PwC ousted acting CEO Kristin Stubbins ‘against her will’, inquiry hears
Senators say her treatment was the “classic story” of a woman being promoted to a leadership role during a crisis, only to be replaced after cleaning up the mess.
PwC International removed Australia acting CEO Kristin Stubbins despite her desire to stay in the role, a concerning example of the firm’s global management “running the show”, the inquiry into the consulting industry has heard.
Members of the parliamentary joint committee on Tuesday also suggested Ms Stubbins' treatment was another example of a woman being elevated to a position of power during a crisis, only to be replaced when they had cleaned up the mess.
When asked about her removal, Ms Stubbins said: “I did want to continue. I wanted to own the outcomes of what had happened. And I felt that I could lead the Australian firm … I was very disappointed."
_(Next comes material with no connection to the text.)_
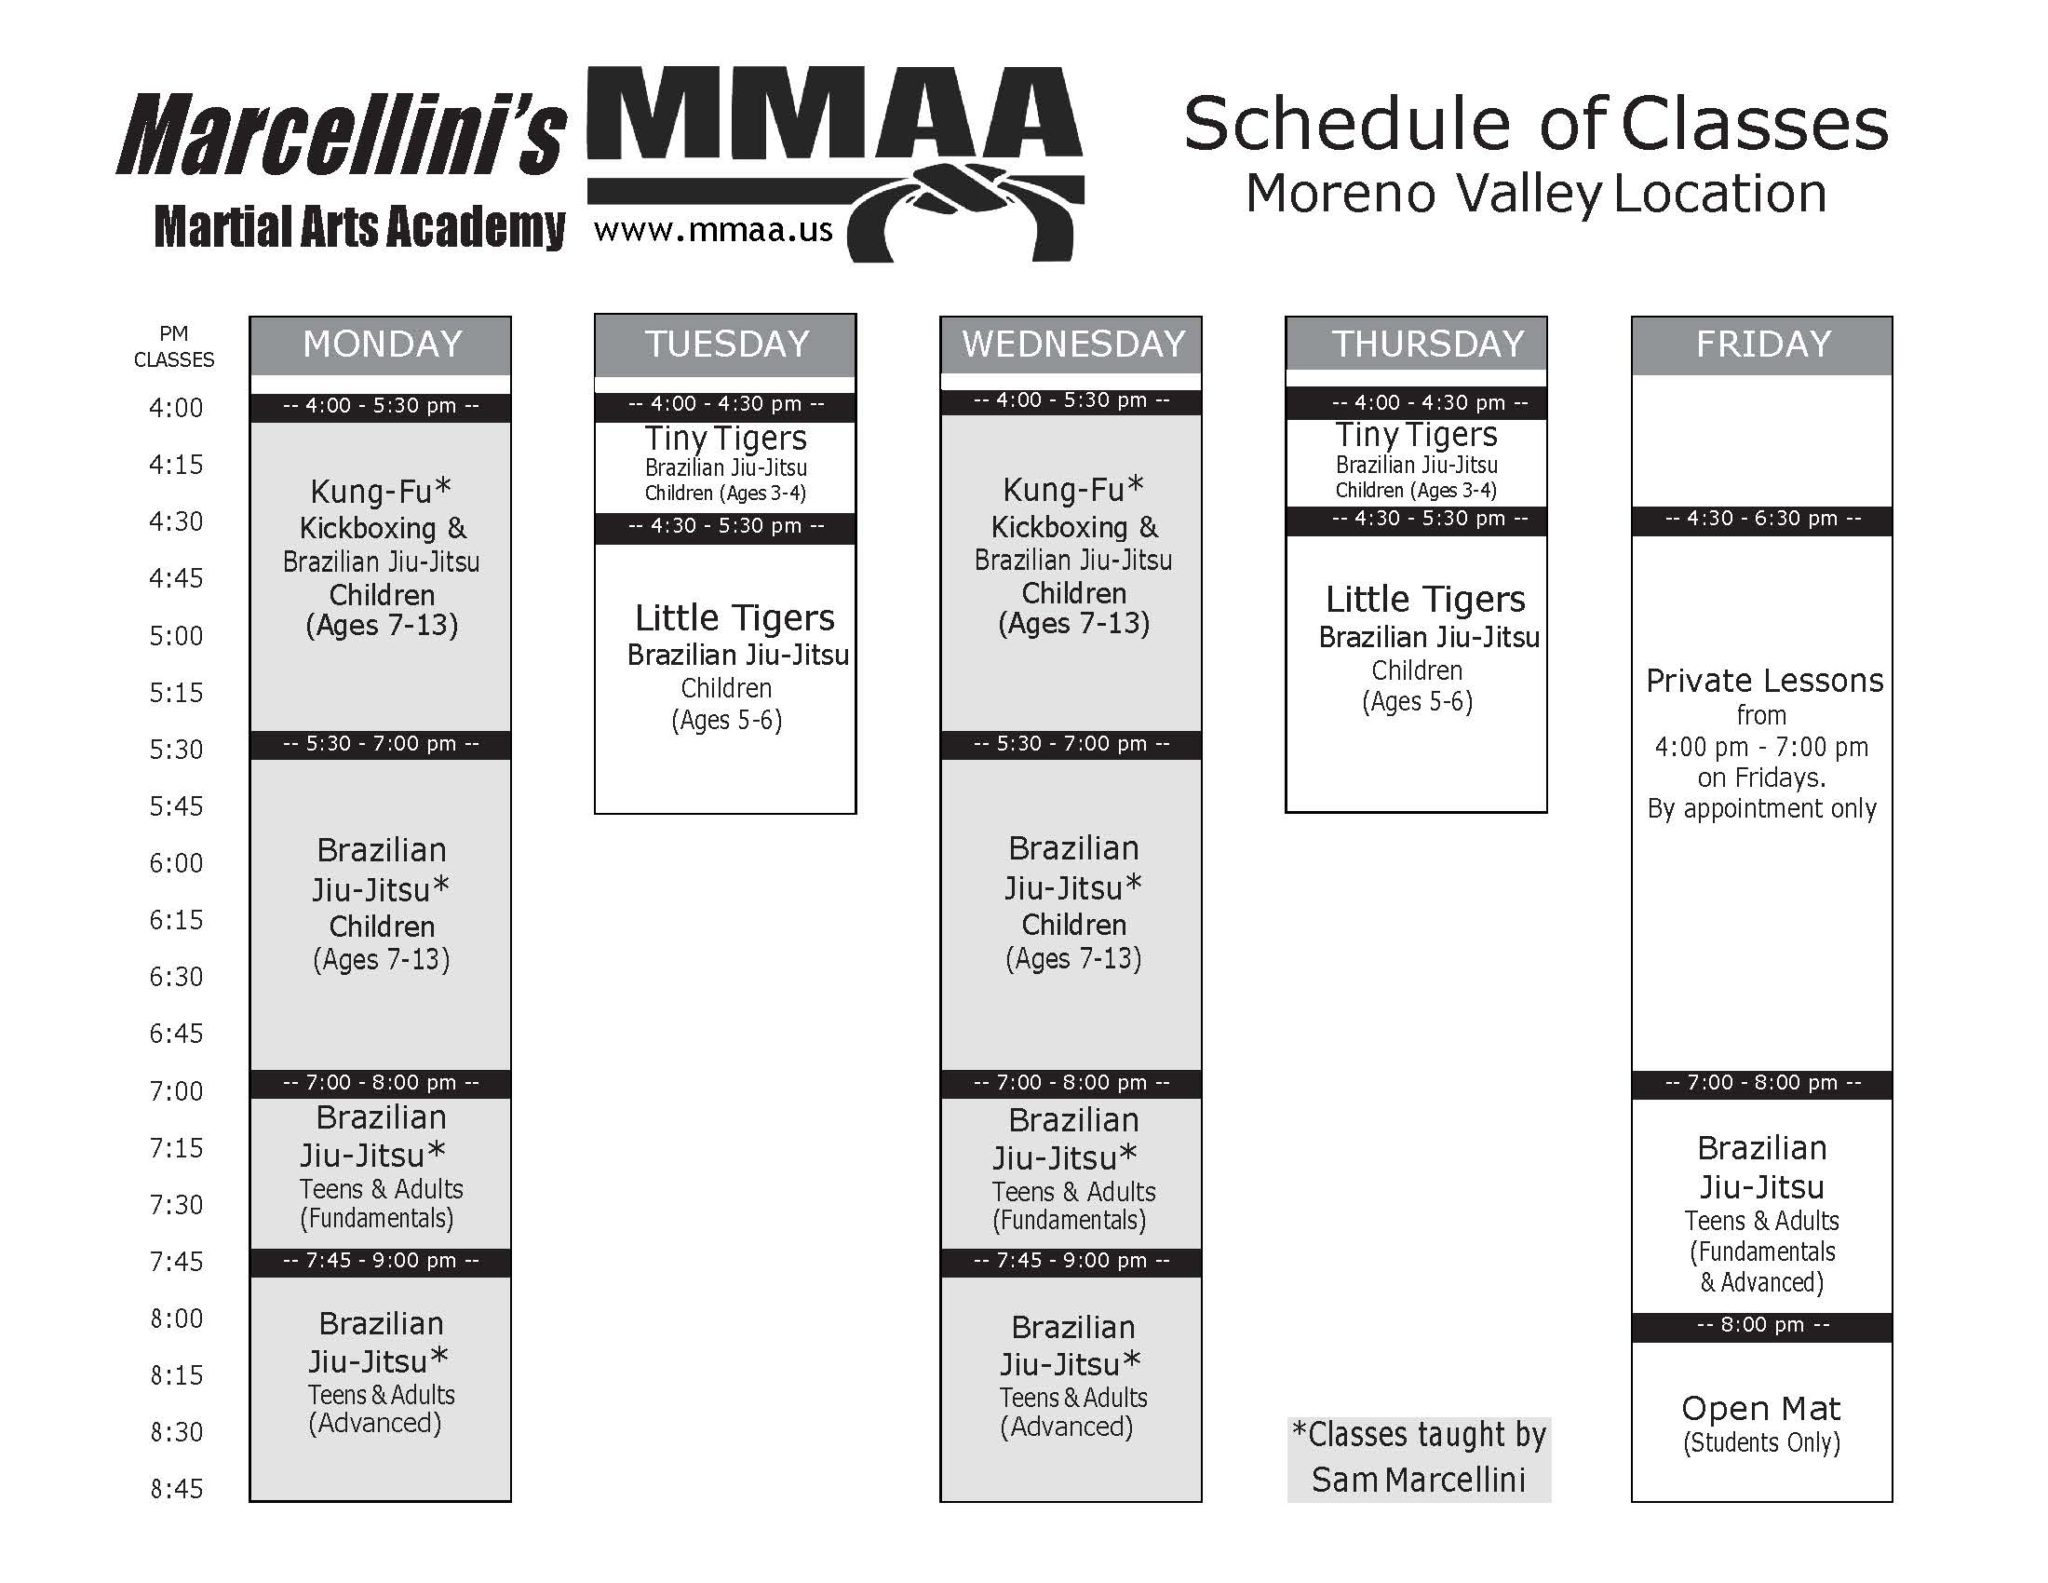 Schedule-Beverly Hills - Marcellini's Martial Arts

Ms Stubbins was appointed by the firm’s governance board in May 2023 upon the ousting of then-CEO Tom Seymour to lead the firm through the tax leaks crisis, holding the position for three months before being replaced by UK partner Kevin Burrowes.
She said PwC International chair Bob Moritz informed her over the phone that her tenure would be cut short to make room for Mr Burrowes, PwC International’s long-term pick, without any clear reason.
“I received a phone call from the global chair, Bob Moritz, saying that he was going to recommend to the Australian board that Kevin Burrows be appointed as CEO,” she said.
“I don't recall that there was a clear reason [for that decision]. My perception was that Kevin was very well known, very well respected with the international firm and very experienced.”
Greens senator Barbara Pocock said: “You gave 30 years of your life to PwC. And you had three months as CEO, and you regretfully left that leadership role unexpectedly and against your will.”
Ms Stubbins joined the firm as a graduate in 1995 and rose through the ranks to make audit partner in 2004. She was the firm’s managing partner of assurance when she was elevated to acting CEO until the partnership found a new leader.
During her tenure, she exited nine partners over the scandal, penned an “open letter” of apology and commissioned the Switkowski review into PwC’s governance and culture.
When informed she was not allowed to continue, she announced her resignation from the firm in October.
Members of the committee agreed her treatment by PwC International was a “classic example” of a woman being appointed to a position of power to clean up the mess of others.
“Sadly, that's how often that's the way women often get to the top – when the boys have made big mess of it, the women come in to clean up and then exit somewhat unduly hastily,” Labor senator Deborah O’Neill said.
Ms Pocock likened the situation to what happened to Joan Kirner, who became Victoria’s first female premier during the early 1990s recession.
“Here you were, 30 years of very hard work that ends with you coming in to do a massive, truncated clean-up, which you are dismissed from before you want to be. It’s the classic story … Joan Kirner did it, other women have done it in so many different roles,” she said.
She added that the fact that Ms Stubbins was “set aside” for an “international figure by an international chair” was “very concerning”.
“This a case of PwC International coming in right over the top of PwC Australia, all of its governance structures set aside in a protective operation and control operation, clearly,” she said.
“That is a real concern to me, I must say that international PwC has come in, and they move you out, and is now running the show.”
PwC International is a coordinating body that oversees its member firms and sets standards focussed on areas such as strategy, brand, risk and quality.
Senators like Ms Pocock have questioned the opaque conduct of the international entity after it used its management powers to seize control of the local arm in response to the tax leaks scandal.
During a hearing last month, they accused it of “thumbing its nose at Parliament” by withholding a key report on international partners’ involvement in the tax scandal from the committee, regulators and even its own staff.